This page is viewed 1634 times

AFP

Looters who raided Egypt's famed museum during the unrest that toppled Hosni Mubarak hauled off a trove of ancient treasures, including a statue of King Tutankhamun, officials said on Sunday.

A gilded wood statue of Tutankhamun harpooning fish, parts of which were stolen from the museum in Cairo

The plundered artefacts include a gilded wooden statue showing the boy pharaoh being carried by a goddess and parts of another statue of him harpooning fish, the minister of state for antiquities, Zahi Hawass, said.

Looters broke into the museum in Cairo's Tahrir Square on January 28 when anti-Mubarak protesters drove his despised police from the streets in a series of clashes and torched the adjacent ruling party headquarters.

Museum director Tarek al-Awadi said looters went on a rampage, shattering 13 display cases and at least 70 artefacts. He added that curators were still carrying out an inventory to determine the extent of the losses.

The missing pieces include a limestone statue of Pharaoh Akhenaten holding an offering table, a statue of Queen Nefertiti making offerings and a sandstone head of a princess from Amarna, a vast archaeological site in central Egypt.

Also missing were a stone statuette of a scribe from Amarna and 11 wooden shabti statuettes of Yuya, a powerful courtier from the time of the 18th Dynasty, which ruled along the banks of the Nile more than 3,000 years ago.

A heart scarab -- an amulet placed on the chest of the mummy to ensure the heart was not removed -- belonging to Yuya was also missing, Awadi added.

In all, the press release listed seven individual items and a group of 11 statues as missing.

Soldiers outside the museum on Sunday were tight-lipped about the alleged theft. A lieutenant colonel who declined to give his name said only: "Two or three things were stolen, little things like rings."

Troops have arrested two or three suspects and were searching for others, the officer said, adding that the looters had broken in through a window.

Founded in 1858 by French Egyptologist Auguste Mariette, the museum contains more than 100,000 artefacts, including the world renowned -- and reputedly cursed -- treasures from Tutankhamun's tomb.
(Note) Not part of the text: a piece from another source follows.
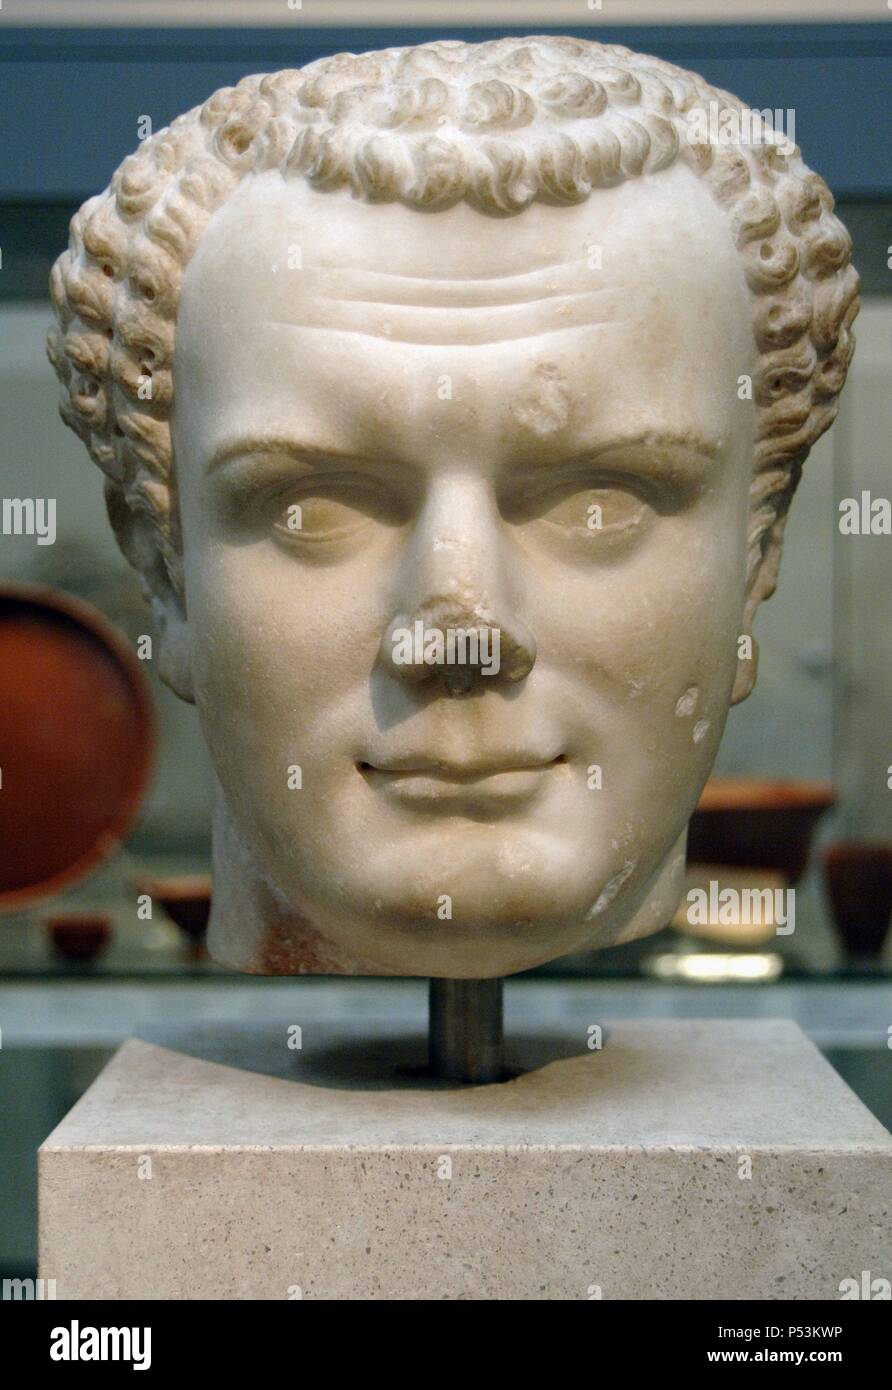 Titus (39-81 N.CHR.). Römische Kaiser. Flavische Dynastie. Büste. Marmor. 70-80 AD. Aus Utica, in der Nähe von Carthage. British Museum. London. England. Vereinigtes Königreich. Stockfoto

The best-known artefact is Tutankhamun's gold funerary mask, which stares out from a case on the first floor of the museum. The 18th dynasty monarch, better known as King Tut, ruled Egypt in the 13th century BC.

Hawass, in his statement, said an investigation has been launched to find those behind the theft, adding that "the police and army plan to follow up with the criminals already in custody."

The museum standing on the main protest square was protected by tanks and briefly by a cordon of citizen volunteers during the 18 days of anti-government rallies that ousted president Mubarak and cost at least 300 lives.

The theft recalls the even more disastrous looting of Baghdad's National Museum in April 2003 following the US invasion to overthrow Saddam Hussein, when thieves stole thousands of pieces and smashed several others.